== What you have to do ==
Look through the listing below and give the number of lines in which "View" occurs, nothing more.

== Task inputs ==
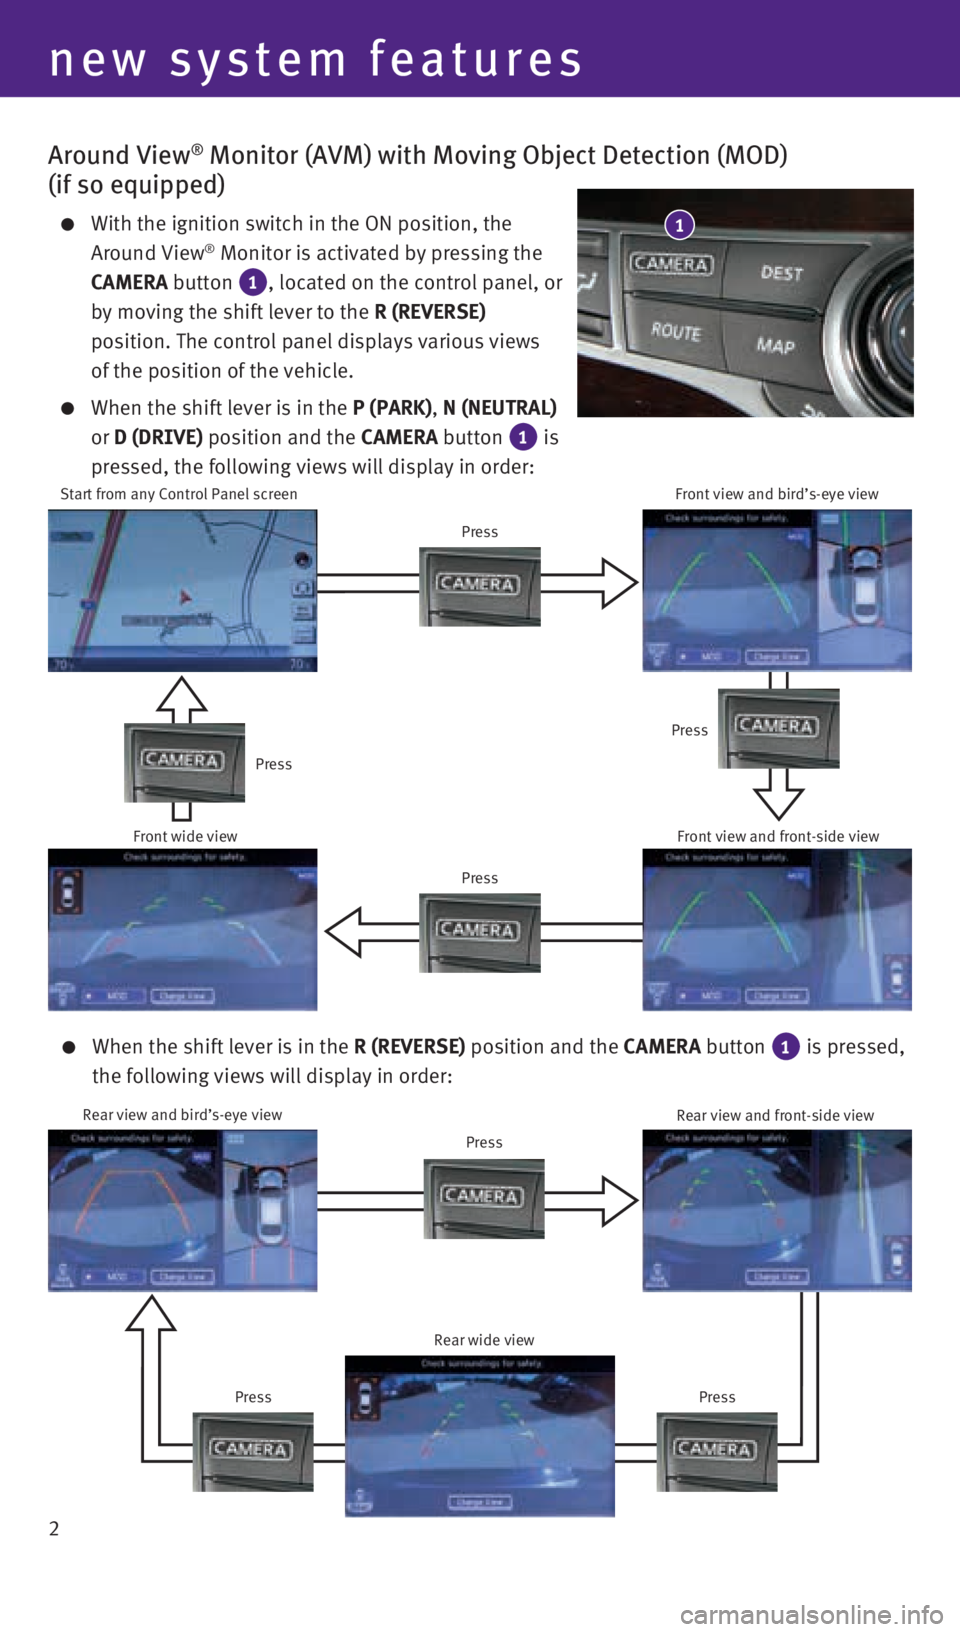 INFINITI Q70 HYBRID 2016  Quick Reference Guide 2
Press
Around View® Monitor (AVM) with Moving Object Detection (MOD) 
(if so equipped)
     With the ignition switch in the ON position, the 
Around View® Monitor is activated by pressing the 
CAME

== Solution to the problem ==
2